Introduction

While rapid k-space coverage techniques such as EPI and Spiral have become popular tools in MR, little has been done to address the image blurring caused by T2* signal decay during the readout. This is particularly troublesome in applications with long readouts and low T2* values, such as, but not exclusively, diffusion tensor cardiovascular magnetic resonance (DT-CMR). We previously implemented a method that corrects spiral DT-CMR images assuming a constant myocardial T2* ¹. Here, we extend this work to account for the known spatial variations in T2* within the myocardium and we also show a novel stimulated echo-based spiral T2* mapping method with B0 correction. The methods are first tested in simulations and then in-vivo data.

Methods

Spatially uniform and varying T2* corrections were initially evaluated using a synthetic single-short axis slice cardiac DT-CMR dataset (b-values 150smm^-2 and 600smm^-2, 6 directions, mean b0 SNR=27). Simulated T2* varied linearly around the circumference and a 2mm thick region of simulated pathology was included, circumferentially spiralling from epi to endocardium. Spiral cardiac DT-CMR dataset was acquired in 6 healthy volunteers (age 27-64, 2 female,4 male) for a short axis slice. T2* mapping data was acquired with a Stimulated Echo Acquisition Mode (STEAM) prepared method with a spiral trajectory. The T2* mapping sequence was acquired in one breath hold, of 22 cardiac cycles. Two cardiac cycles were required for each stimulated echo and one stimulated echo was used for the coil sensitivity maps, two for the field (B0) maps and eight for the T2* mapping data. T2* mapping used 8 ∆TE (time from the stimulated echo to the beginning of the spiral) linearly varying from 0 ms to 16 ms. Spiral STEAM DT-CMR data were then acquired at b=150smm^-2 with 6 directions. Both T2* mapping data and DT-CMR were acquired with a reduced field of view using in-plane slice selective RF pulse, 2.8x2.8x8mm³ acquired spatial resolution, 90x90mm² spiral readout field of view, spiral duration 14.9ms. All data were acquired on a Vida XT 3T system (Siemens Healthineers Erlangen).
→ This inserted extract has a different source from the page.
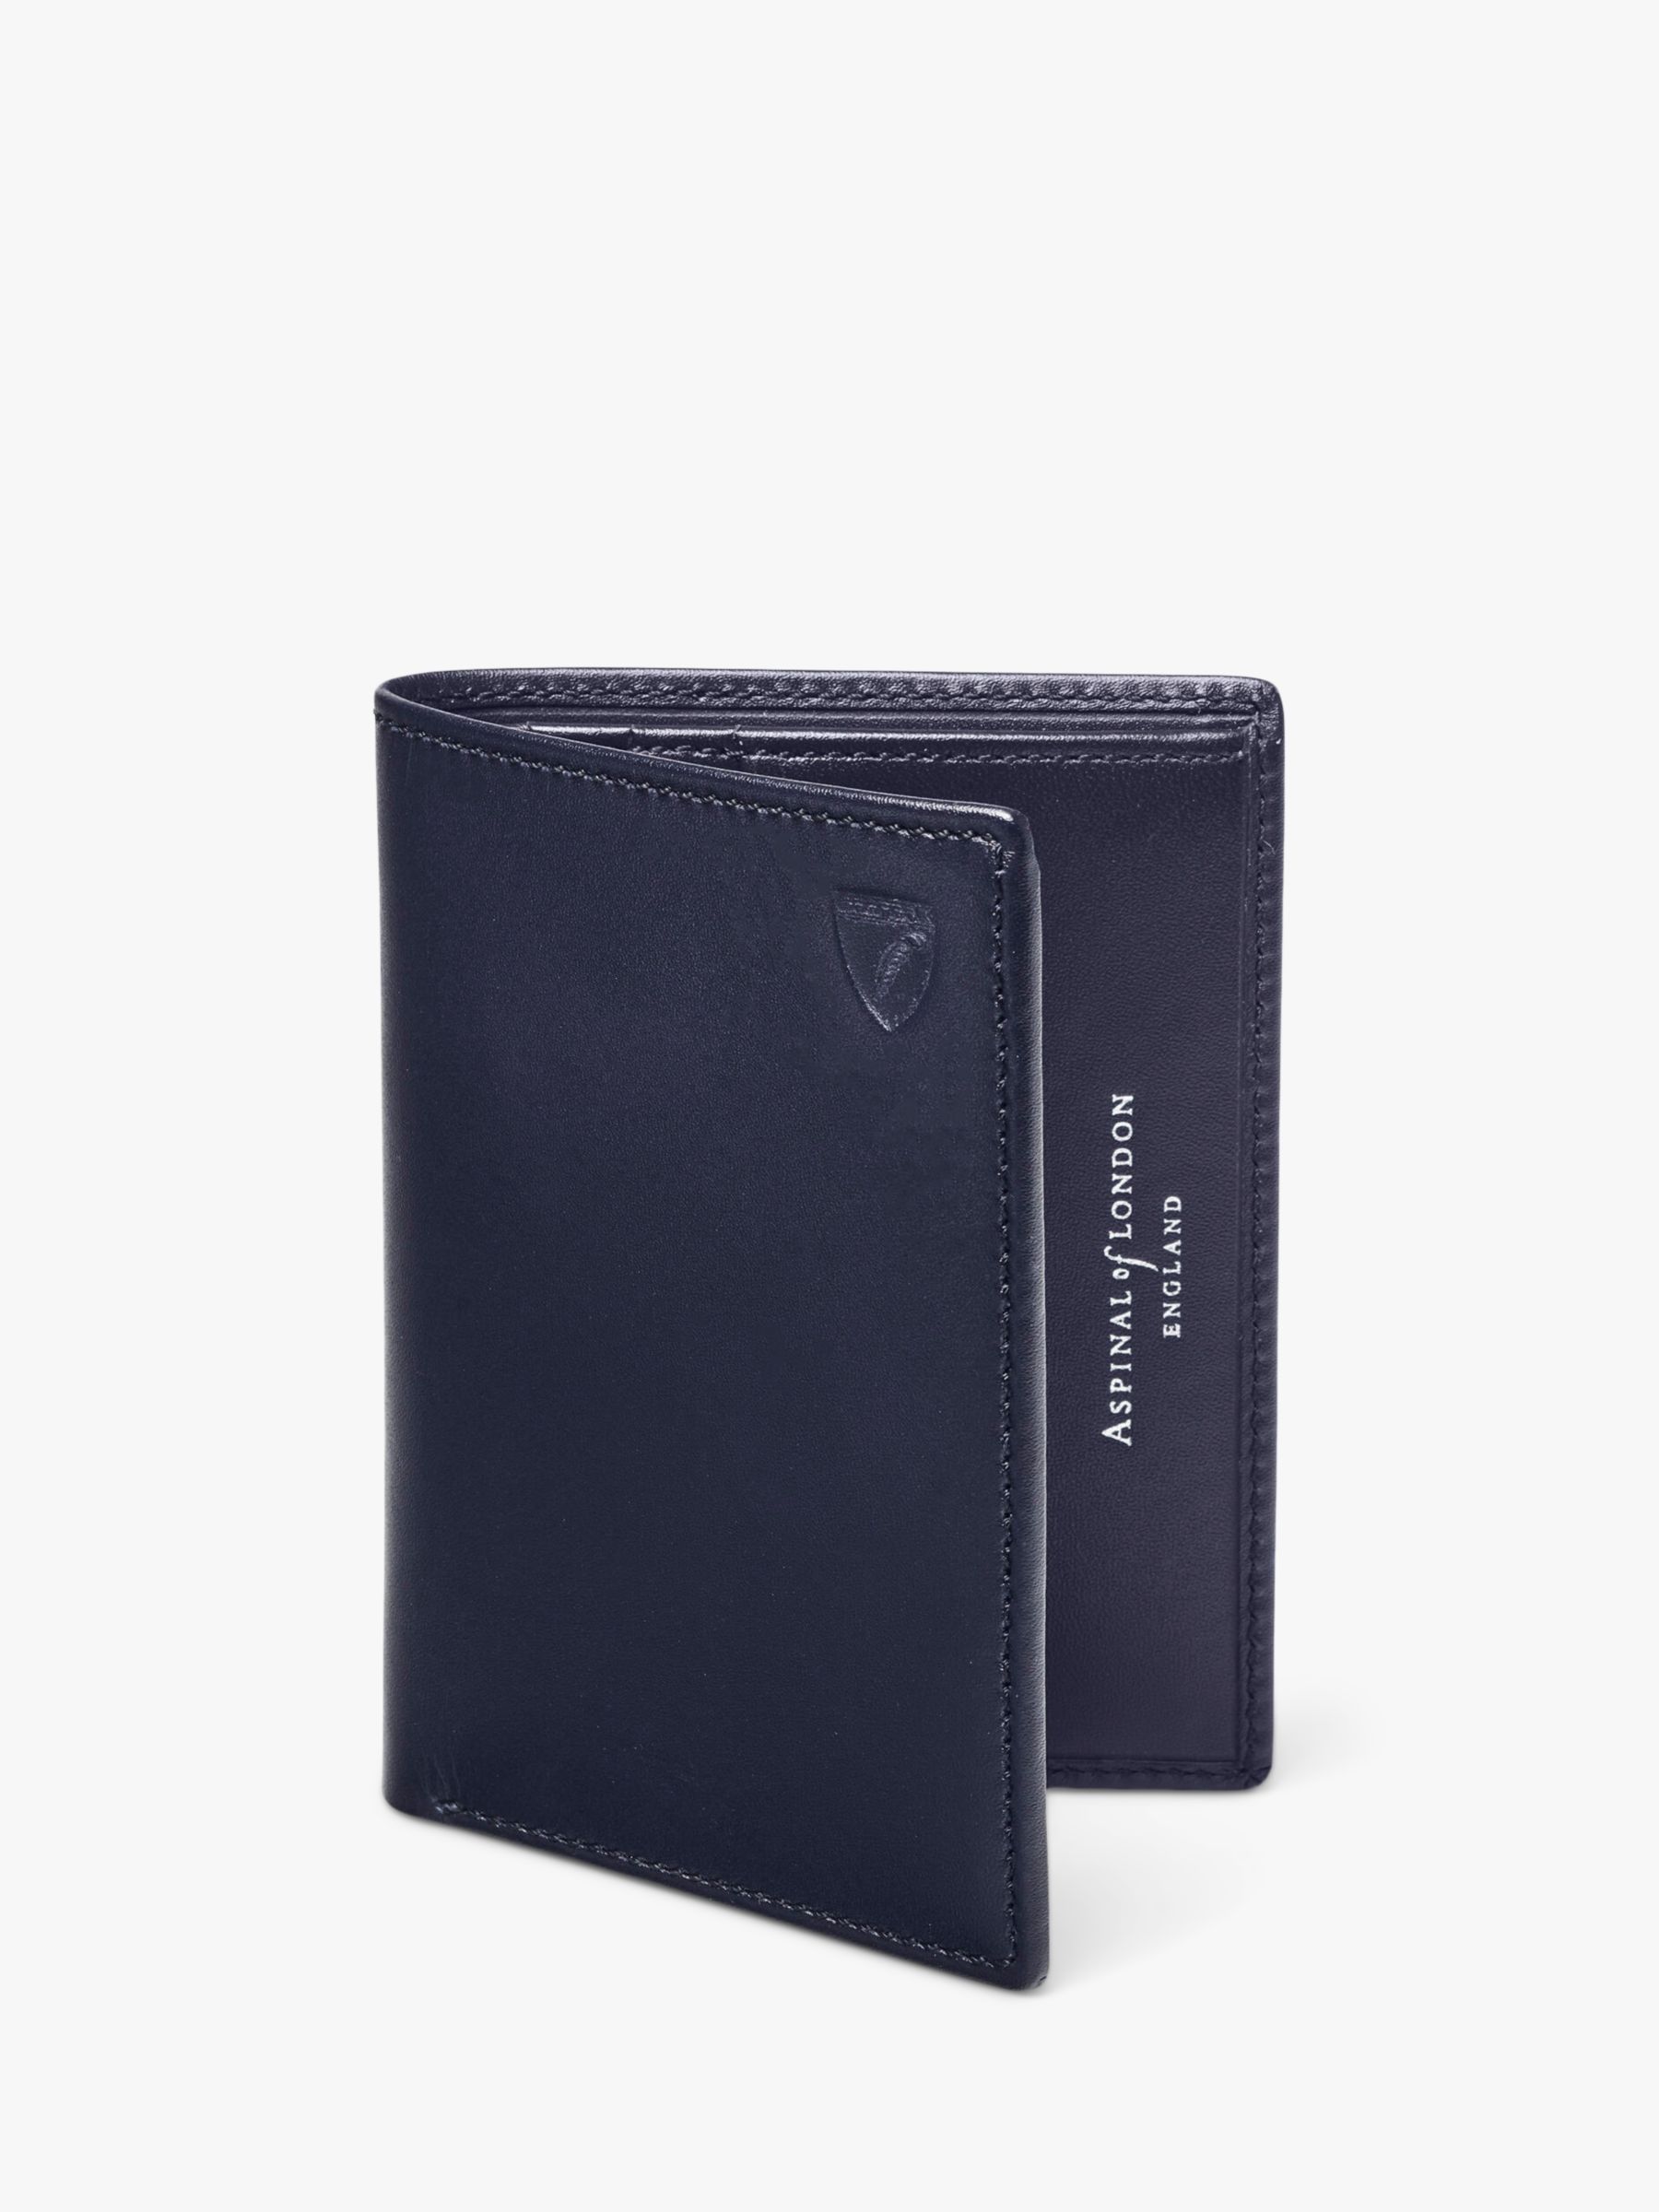 Aspinal of London Smooth Leather Double Credit Card Wallet, Navy
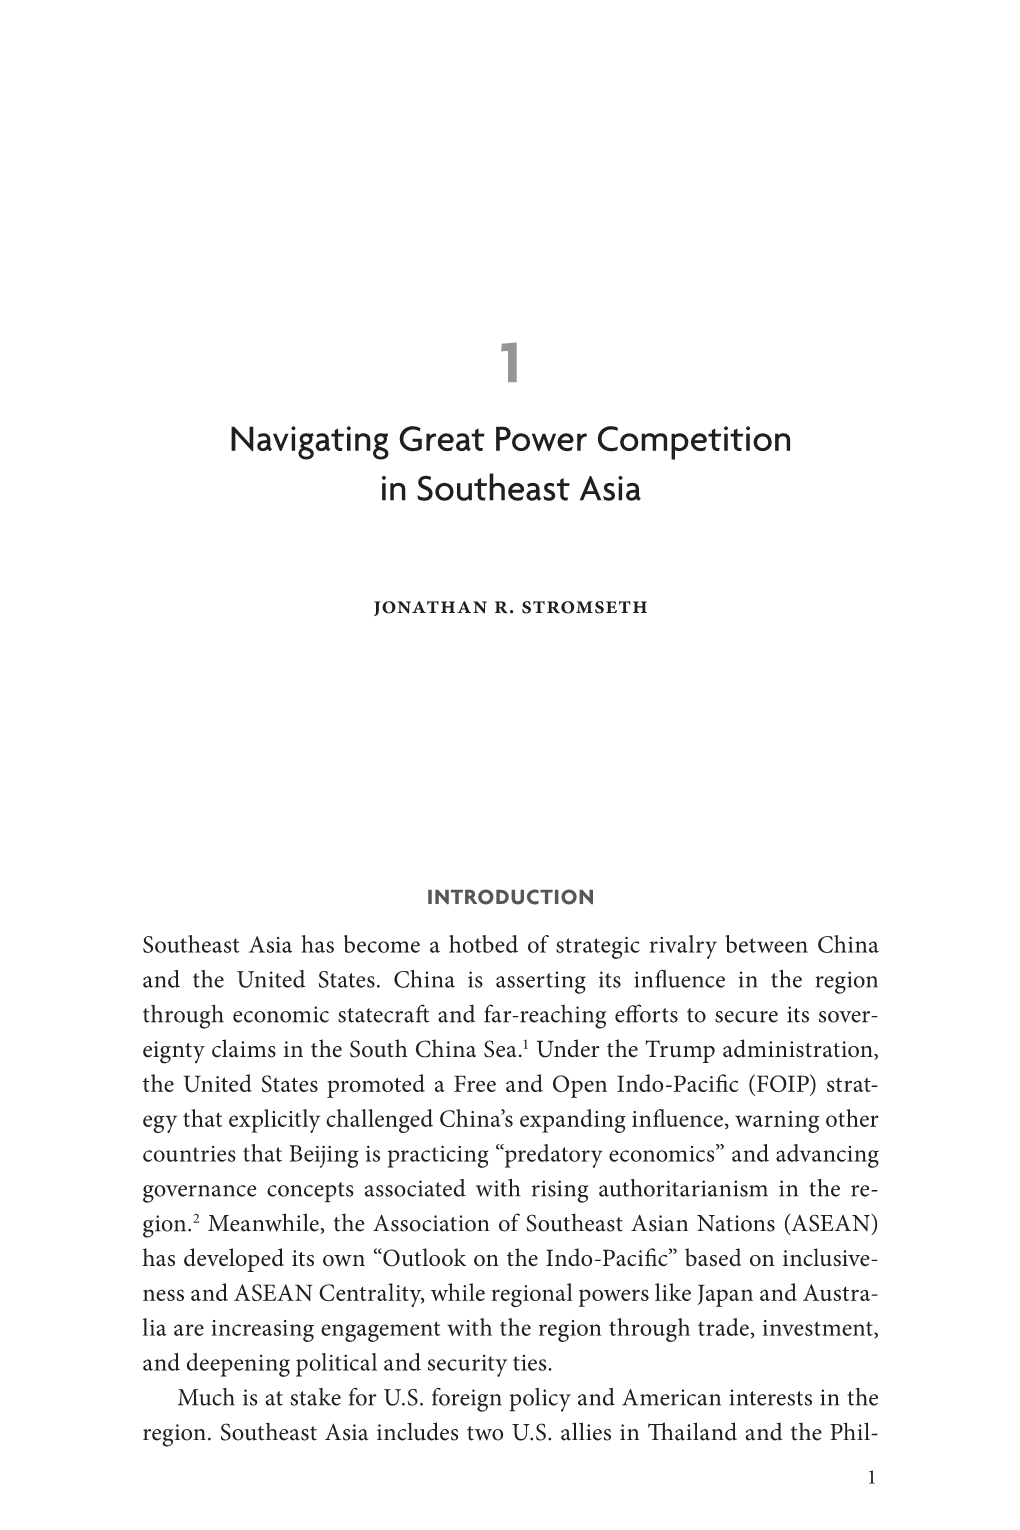 Navigating Great Power Competition in Southeast Asia

T2* maps were calculated before and after a frequency segmented B0 correction² of the raw T2* images. Based on the frequency segmented reconstruction² the novel spatially varying T2* correction is shown in Figure 1. Reconstructed with 40 different uniform T2* corrections a set of images was created by standard gridding operations. The final image was then obtained by pixelwise selection of the data corresponding to the T2* value in the T2* map. The data were reconstructed using a custom Gadgetron³ based online reconstruction, that reconstructed in 16s (spatially varying correction, Intel i9-7940X CPU, 32GB RAM). Image sharpness was assessed in a region of the left ventricular septal endocardial border using the edge sharpness fitting described previously⁴. Diffusion weighted images were compared without T2* correction, with uniform T2* correction (using mean myocardial T2*) and with spatially varying T2* correction both with and without off-resonance correction of the T2* data.

Results

Figure 2 shows the DT-CMR maps from the simulations and the different corrections. While T2* related blurring in the region of simulated pathology is improved in the constant correction it is lowest when using the spatially varying correction. The T2* maps and associated B0 maps for each subject are shown in Figure 3. T2* maps are shown with and without off-resonance correction. These T2* maps were then used to correct the results shown in Figure 4. Spatially varying T2* correction results in visually sharper images at the expense of some spurious pixel values in the image background and myocardial borders. Figure 5 shows the sharpness measures for each of the T2* correction methods. The spatially varying T2* correction without off-resonance correction of the T2* maps yield the highest sharpness values.

Discussion

We have shown that it is possible with our novel method to correct for spatially varying T2* related blurring in spiral images. The images corrected with our novel method demonstrate improvement in sharpness measures over the images corrected with a constant T2* value and uncorrected images. However, visually there are errors in some pixels after correction, particularly at the myocardial borders. This noise enhancement is due to low measured T2* values and background noise and might be reduced through regularization methods, such as ⁵, applied to the T2* map calculation. We did not apply off-resonance correction to the imaging data, as joint T2* and B0 correction is computationally challenging but is expected to improve our image quality. This improvement in sharpness will be important as spatial resolution is improved and applied in challenging anatomy and patient cohorts, including the right ventricle. While we have chosen to demonstrate the improvement in sharpness in DT-CMR data, the T2* correction method may be of use in other applications using spiral trajectories or other long readouts.

Conclusion

Non uniform T2* causes spatially varying image blurring in methods with long readouts such as spiral DTCMR. For the first time, we show that this blurring can be corrected based on T2* maps.